Malware mishap makes for massive breach
Social Security numbers, medical data of 90K patients compromised
Some 90,000 University of Washington Medicine patients got a surprise this Thanksgiving, and it wasn't a very good one.
This holiday surprise came in the form of patient notification letters divulging the details of a data breach which compromised their protected health information after an UW Medicine employee opened an email attachment containing malware.
The malware took control of the computer, which had patients' data stored on it. Patient information may have included Social Security numbers or Medicare numbers, names, medical record numbers, dates of birth, dates of service, charge amounts for services received, addresses and phone numbers.
[See also: Ready or not: HIPAA gets tougher today.]
The HIPAA breach, which occurred back in October, affected patients specifically at UW Medicine's Harborview Medical Center and Washington Medical Center.

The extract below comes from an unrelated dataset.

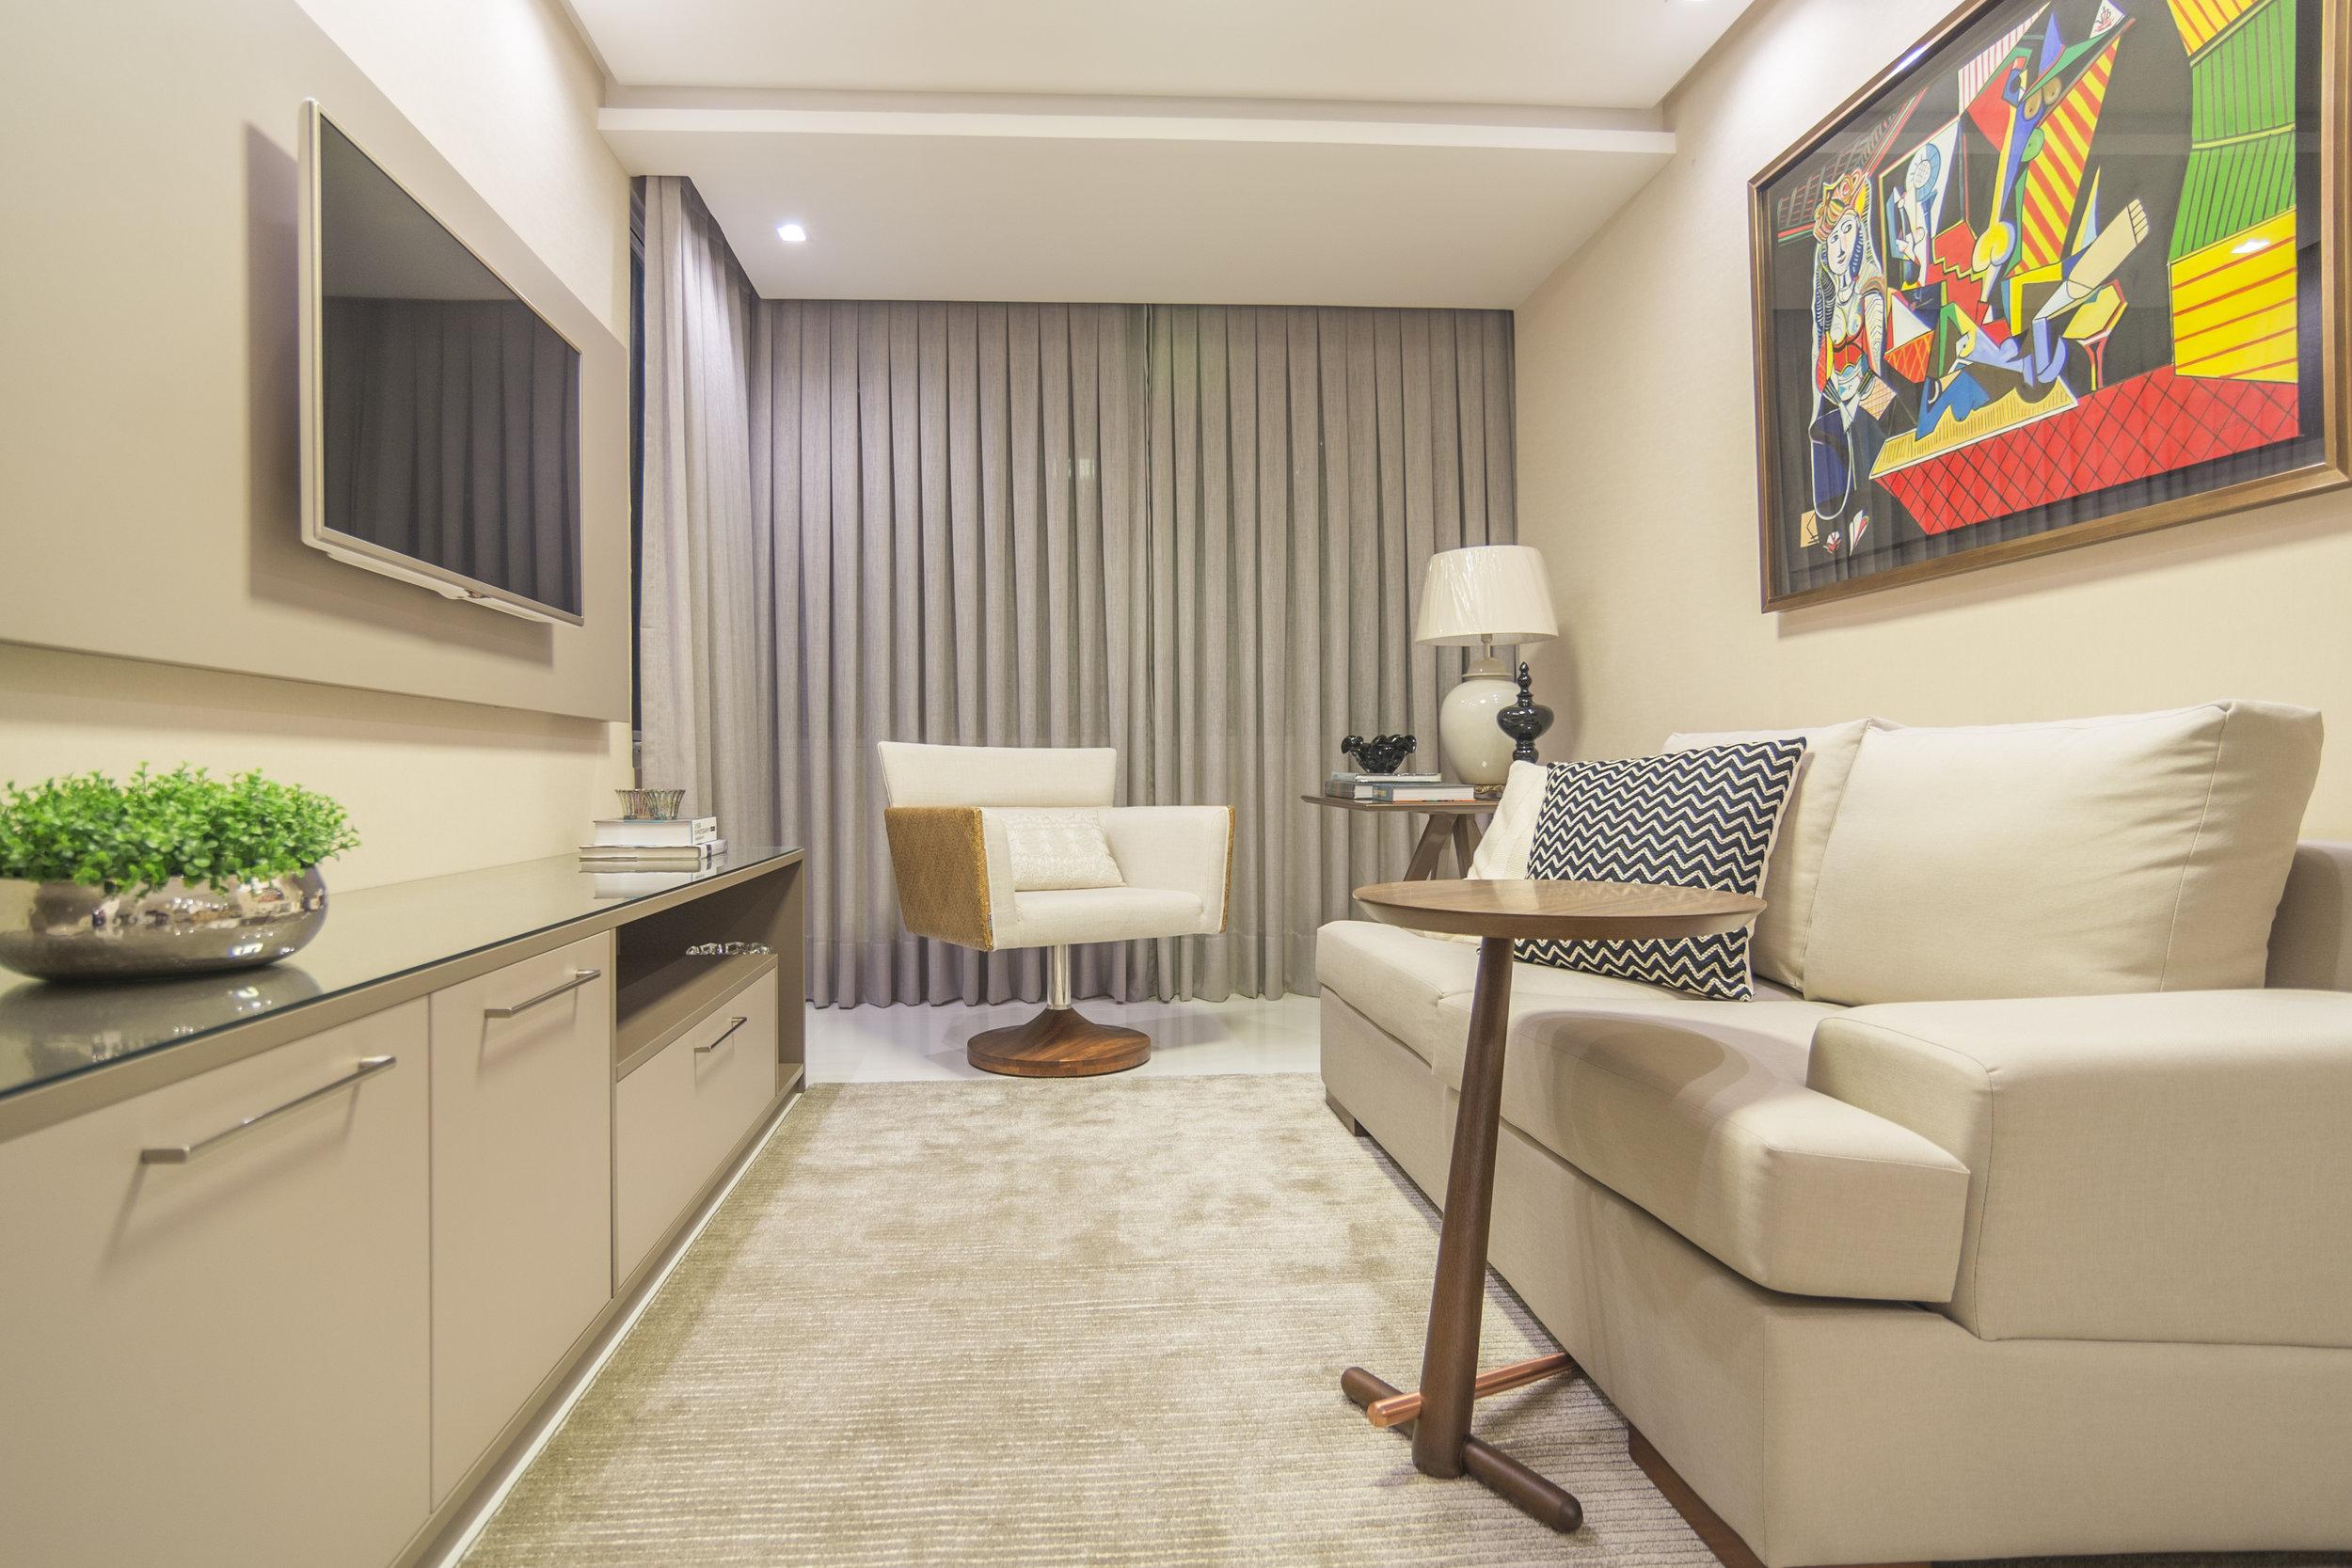 projeto-arquitetonico-robertoindira-duo-arquitetura-apartamentos-estar-05.jpg
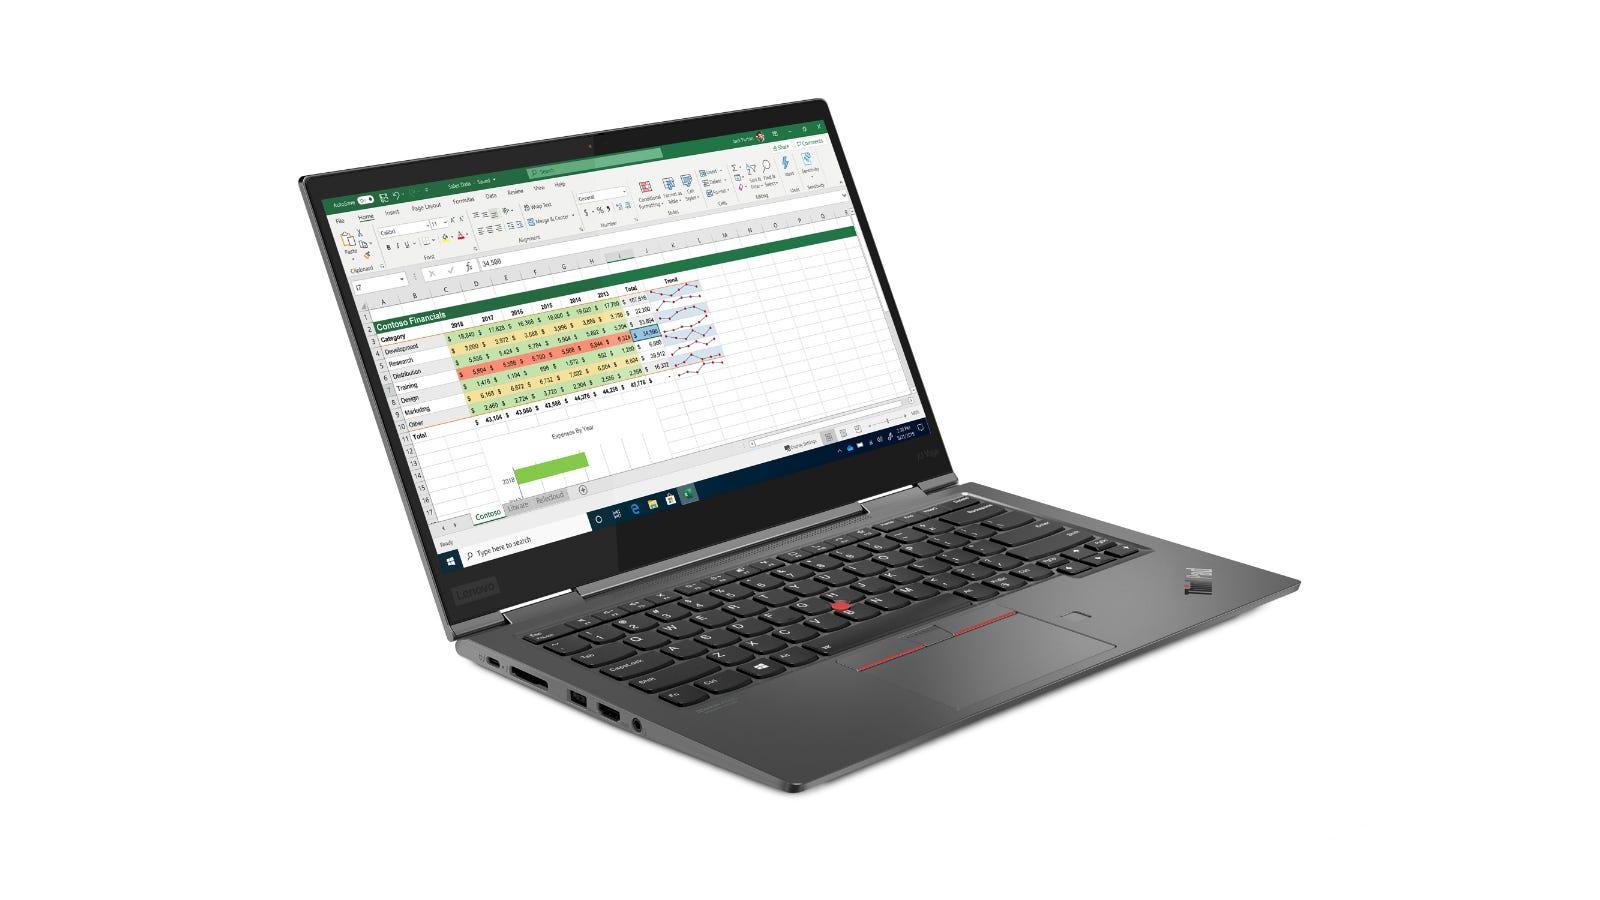 Lenovo ThinkPad X1 Yoga 5th generation from the side

"UW Medicine is committed to providing quality care and protecting patients’ personal information, and sincerely apologizes for the inconvenience and concern this may be for affected patients," read a UW Medicine statement announcing the security breach.
Since 2009, when the HIPAA privacy and security rules went into effect requiring HIPAA-covered entities notify HHS for breaches involving more than 500 individuals, some 27 million individuals have had their protected health information compromised.
[See also: Fourth big HIPAA breach for OHSU.]
This is the fourth biggest HIPAA security breach this year, according to data from the Department of Health and Human Services.
Just in August, Advocate Health System announced the second biggest HIPAA breach ever reported to HHS, compromising the protected health information of more than 4 million patients after unencrypted company laptops were stolen.